[The task]
Could you return the full listing below exactly as it appears?

[Records to process]
········

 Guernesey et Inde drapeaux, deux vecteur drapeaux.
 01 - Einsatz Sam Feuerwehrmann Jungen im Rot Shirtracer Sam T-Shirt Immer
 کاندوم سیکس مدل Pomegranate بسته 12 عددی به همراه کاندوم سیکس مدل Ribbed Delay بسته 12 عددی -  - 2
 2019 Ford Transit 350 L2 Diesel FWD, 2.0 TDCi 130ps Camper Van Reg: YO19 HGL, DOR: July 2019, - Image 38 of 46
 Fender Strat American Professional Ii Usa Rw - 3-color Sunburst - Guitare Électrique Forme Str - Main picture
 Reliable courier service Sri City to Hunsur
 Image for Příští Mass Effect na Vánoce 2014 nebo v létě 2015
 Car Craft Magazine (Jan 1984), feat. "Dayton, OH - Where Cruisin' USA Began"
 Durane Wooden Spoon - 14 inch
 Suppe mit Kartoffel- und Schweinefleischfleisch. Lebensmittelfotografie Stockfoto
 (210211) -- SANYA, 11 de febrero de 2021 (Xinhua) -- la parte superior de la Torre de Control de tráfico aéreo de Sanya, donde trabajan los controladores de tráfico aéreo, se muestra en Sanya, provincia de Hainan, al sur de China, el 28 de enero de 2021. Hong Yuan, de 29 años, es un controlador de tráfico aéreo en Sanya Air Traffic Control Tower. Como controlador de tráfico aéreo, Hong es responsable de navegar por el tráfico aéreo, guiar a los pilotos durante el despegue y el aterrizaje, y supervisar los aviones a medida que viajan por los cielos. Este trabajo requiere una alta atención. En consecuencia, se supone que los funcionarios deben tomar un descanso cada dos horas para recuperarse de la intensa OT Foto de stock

········

[Response to this task]
 Guernesey et Inde drapeaux, deux vecteur drapeaux.
 01 - Einsatz Sam Feuerwehrmann Jungen im Rot Shirtracer Sam T-Shirt Immer
 کاندوم سیکس مدل Pomegranate بسته 12 عددی به همراه کاندوم سیکس مدل Ribbed Delay بسته 12 عددی -  - 2
 2019 Ford Transit 350 L2 Diesel FWD, 2.0 TDCi 130ps Camper Van Reg: YO19 HGL, DOR: July 2019, - Image 38 of 46
 Fender Strat American Professional Ii Usa Rw - 3-color Sunburst - Guitare Électrique Forme Str - Main picture
 Reliable courier service Sri City to Hunsur
 Image for Příští Mass Effect na Vánoce 2014 nebo v létě 2015
 Car Craft Magazine (Jan 1984), feat. "Dayton, OH - Where Cruisin' USA Began"
 Durane Wooden Spoon - 14 inch
 Suppe mit Kartoffel- und Schweinefleischfleisch. Lebensmittelfotografie Stockfoto
 (210211) -- SANYA, 11 de febrero de 2021 (Xinhua) -- la parte superior de la Torre de Control de tráfico aéreo de Sanya, donde trabajan los controladores de tráfico aéreo, se muestra en Sanya, provincia de Hainan, al sur de China, el 28 de enero de 2021. Hong Yuan, de 29 años, es un controlador de tráfico aéreo en Sanya Air Traffic Control Tower. Como controlador de tráfico aéreo, Hong es responsable de navegar por el tráfico aéreo, guiar a los pilotos durante el despegue y el aterrizaje, y supervisar los aviones a medida que viajan por los cielos. Este trabajo requiere una alta atención. En consecuencia, se supone que los funcionarios deben tomar un descanso cada dos horas para recuperarse de la intensa OT Foto de stock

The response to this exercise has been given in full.